Health care professionals should not administer a second dose of 23-valent pneumococcal polysaccharide vaccine any earlier than 3 years after an initial dose of 23-valent pneumococcal polysaccharide vaccine.

Data are limited regarding adverse events related to 23-valent pneumococcal polysaccharide vaccine administered after 7-valent pneumococcal conjugate vaccine, Prevnar. 44

An early study indicated that local reactions (ie, arthus-type reactions) among adults receiving the second dose of 14-valent vaccine within 2 years after the first dose are more severe than those occurring after initial immunization. 46

Self-limited local injection site reactions of at least 10 cm in diameter occurred more frequently following reimmunization 5 years after the first immunization.
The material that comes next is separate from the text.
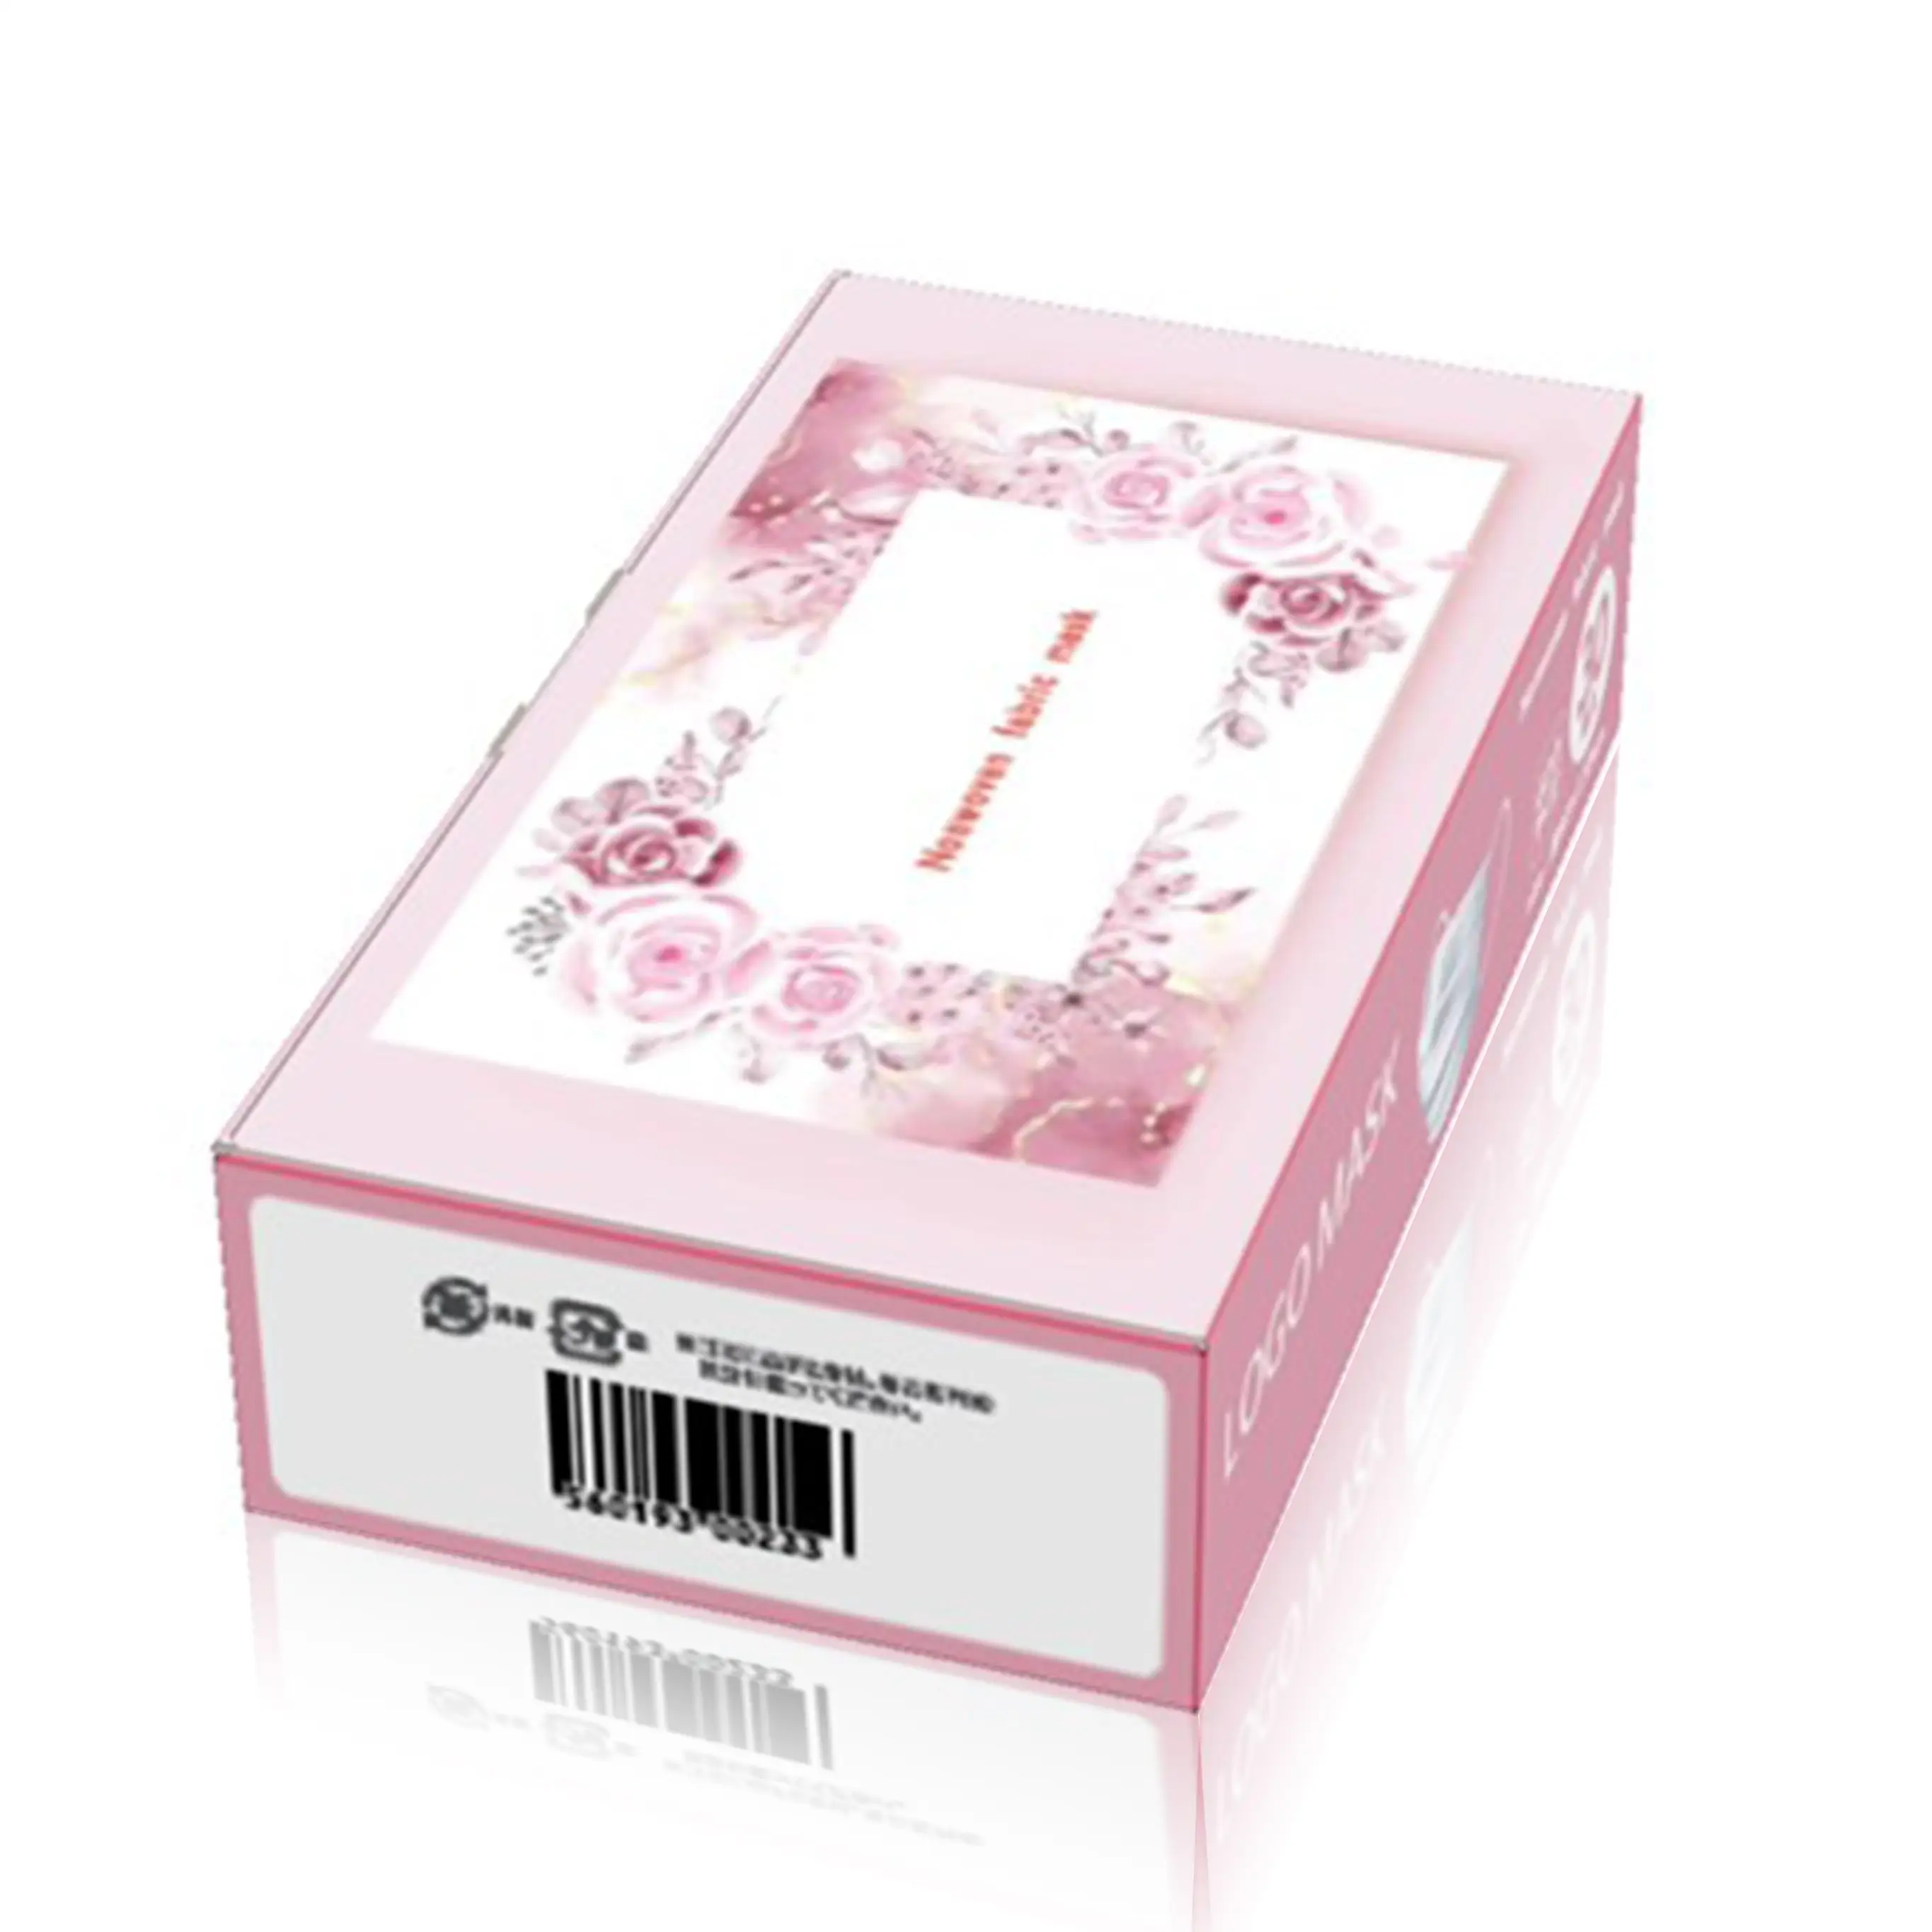 Бумажная коробка для маски 160x100x45 см Индивидуальная упаковочная коробка Высокое качество лучшие продукты картонные коробки экспорт из Вьетнама на заказ B002

However, this risk does not represent a contraindication to reimmunization with 23-valent pneumococcal polysaccharide vaccine for recommended groups. 47

Insufficient data are available to assess the safety of 23-valent pneumococcal polysaccharide vaccine when administered three or more times. Therefore, reimmunization following a second dose is not recommended. 3



Reimmunization is contraindicated for persons who had a severe reaction (eg, anaphylactic reactions or severe local arthus-type reactions) to the initial dose they received. 3

The decision to administer or delay immunization because of a current or recent febrile illness depends largely on the severity of the symptoms and their etiology. Although a severe or even a moderate febrile illness is sufficient reason to postpone immunizations, minor illnesses, such as a mild upper respiratory infection with or without low-grade fever, are not generally contraindications. 48



Pneumococcal Vaccine Polyvalent, Pnu-Imune 23 is not indicated for children under two years of age, since antibody response to most capsular polysaccharide serotypes is poor in this age group. 3 Efficacy in this age group has not been demonstrated. A 7-valent pneumococcal conjugate vaccine, Prevnar, is licensed for use in children less than 2 years of age. Please see prescribing information for indications and usage for the 7-valent pneumococcal conjugate vaccine, Prevnar.

Immunization may not protect against fulminant pneumococcal disease in patients with functional or anatomic asplenia. 3

Patients with impaired immune responsiveness whether due to the use of immunosuppressive therapy, a genetic defect, HIV infection, or other causes may have a reduced antibody response to any immunization, including 23-valent pneumococcal polysaccharide vaccine. 3

Patients who have received extensive chemotherapy and/or splenectomy for the treatment of Hodgkin's disease have been shown to have an impaired serum antibody response to pneumococcal vaccine. 49,50

In one study, administration of the vaccine to patients on immunosuppressive drugs and/or irradiation for Hodgkin's disease resulted in reduction of pre-existing antibody levels in several patients. 50 It is unclear whether this effect was due to the vaccine or to the effects of irradiation and/or chemotherapy.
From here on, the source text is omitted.